Facoltà di Scienze Biomediche, Università Della Svizzera Italiana (USI), 6900 Lugano, Switzerland

^*

Author to whom correspondence should be addressed.

J. Clin. Med. 2023, 12(2), 398; https://doi.org/10.3390/jcm12020398

Submission received: 30 November 2022 / Revised: 29 December 2022 / Accepted: 3 January 2023 / Published: 4 January 2023

(This article belongs to the Special Issue Novel Methods of Diagnostics of Thyroid and Parathyroid Lesions)

Download

Browse Figure

Review Reports Versions Notes

Abstract

:

Background: Several US risk stratification score systems (RSSs) have been developed to standardize a thyroid nodule risk of malignancy. It is still a matter of debate which RSS is the most reliable.

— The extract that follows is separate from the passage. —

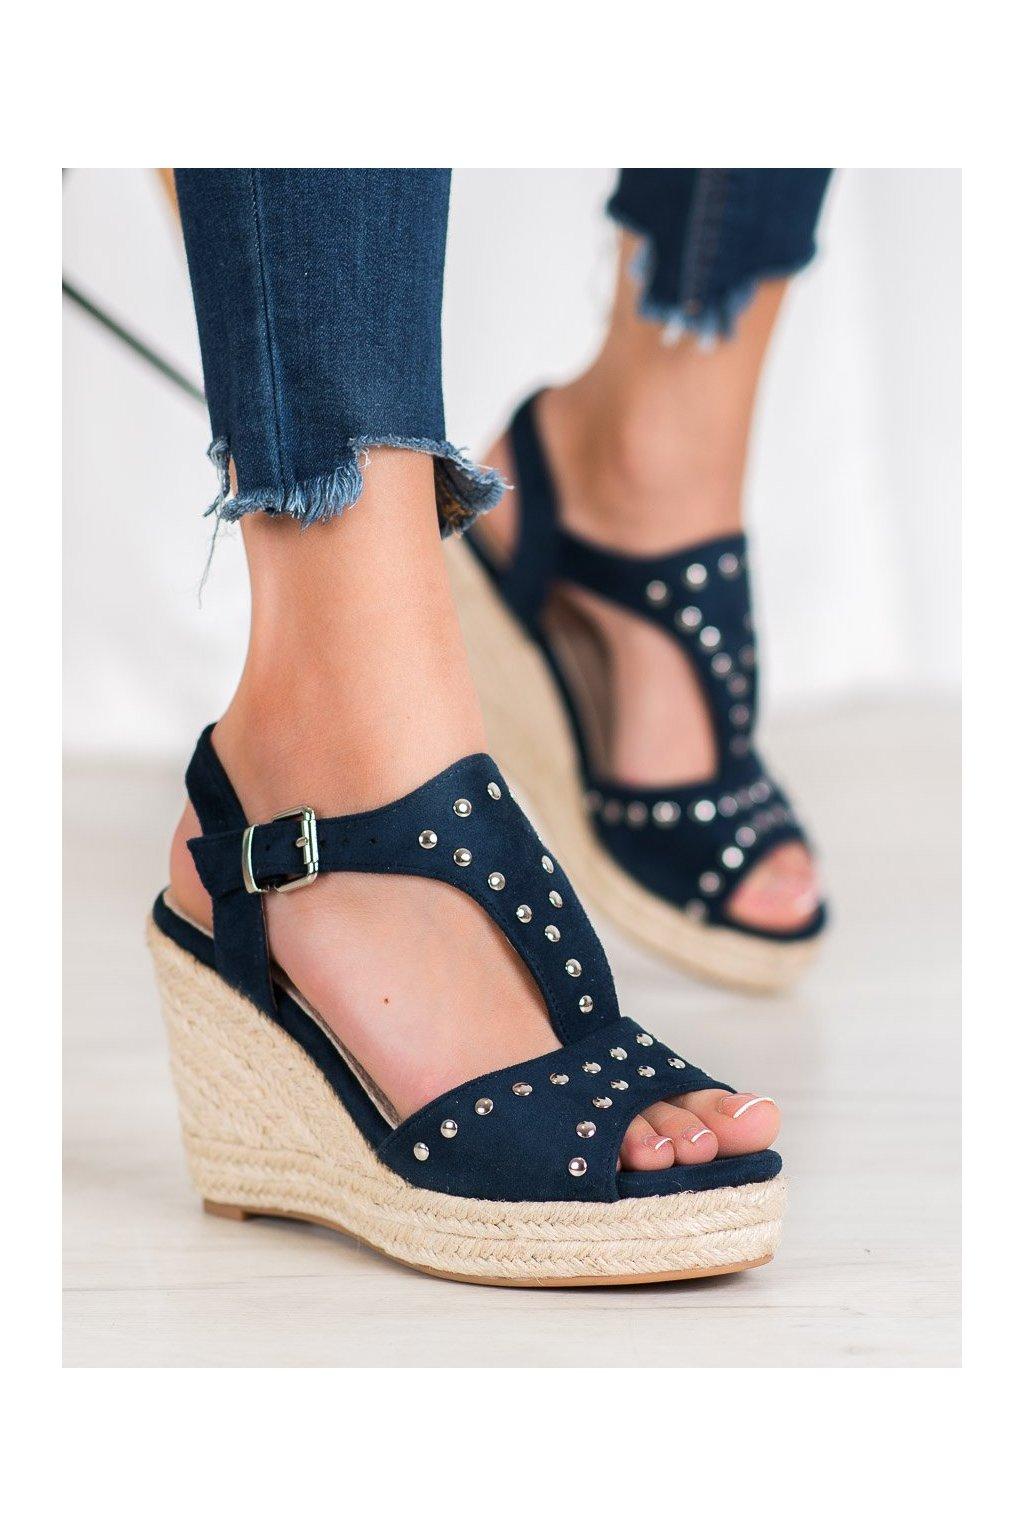 Modré sandále Kylie kod K1952001MA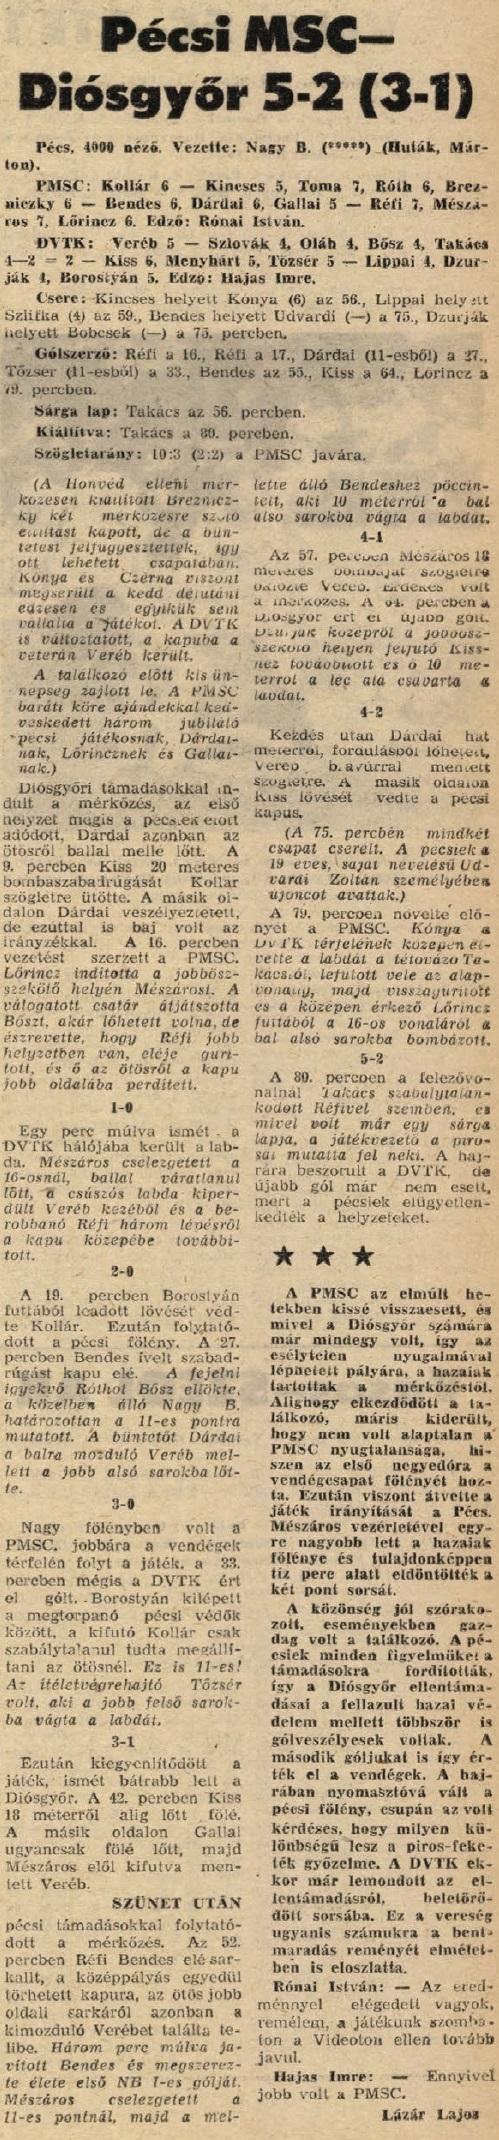 idokapszula_nb_i_1983_84_27_fordulo_pecsi_msc_dvtk.jpg

The purpose of this study is to evaluate: (1) the concordance between the American College of Radiology TI-RADS (ACR TI-RADS) and fine needle aspiration cytology (FNAC), (2) the cancer rate in the ACR TI-RADS categories, (3) the characteristics of nodules evaluated by FNAC even if not formally indicated according to ACR TI-RADS (‘not indicated FNACs”). Methods: From January 2021 to September 2022, patients attending the Endocrinology Unit of the CTO Hospital of Rome for evaluation of thyroid nodules were included. Results: 830 nodules had negative cytology, belonging to TIR2 and TIR1C. One hundred and thirteen nodules were determined to be suspicious for or consistent with malignancy belonging to TIR3B/TIR4/TIR5. Of this last group, 94% were classified as TR4/TR5 nodules. In total, 87/113 underwent surgery. Among these, 73 had histologically proven cancer, 14 turned out to be benign. “Not indicated FNACs” was 623. Among these, 42 cancers were present. Conclusions: This study confirmed the diagnostic power of ACR TI-RADS. In addition, these data suggest revising the ACR TI-RADS indication to FNAC, especially for TR4.

Keywords:

FNAC; ACR TI-RADS; risk of neoplasm; rate of malignancy; “not indicated FNACs”

1. Introduction

The thyroid gland may contain one or more lesions, structurally distinct from the surrounding parenchyma, called “nodules”. Thyroid nodules are commonly present in the general population of the world, with prevalence ranging from 16% to 68%, according to different studies and the observed population [1]. In the last few years, the widespread use of ultrasound (US) and other radiological techniques [2] has allowed one to also detect non-palpable thyroid nodules, which, in spite of being asymptomatic, often require further diagnostic process, with thyroid scintigraphy and/or fine needle aspiration cytology (FNAC). The former is a morphological and functional investigation that may identify “hot “ (10%), “warm “ (10%), and “cold” (80%) nodules, according, respectively, to increased, equivalent, or decreased radiotracer uptake in comparison to the remaining thyroid parenchyma. FNAC is important to estimate the risk of neoplasm (RON) and to indicate surgery. It is necessary to identify clinically relevant nodules, which can hide cancer (ranging widely from 1% to 10%, according to the different observed populations) [3,4], or cause compressive symptoms (approximately 5%) or thyroid dysfunction (5%). Fortunately, approximately 90% of total thyroid nodules are benign and 95% are asymptomatic, and remain this way during the follow up [5].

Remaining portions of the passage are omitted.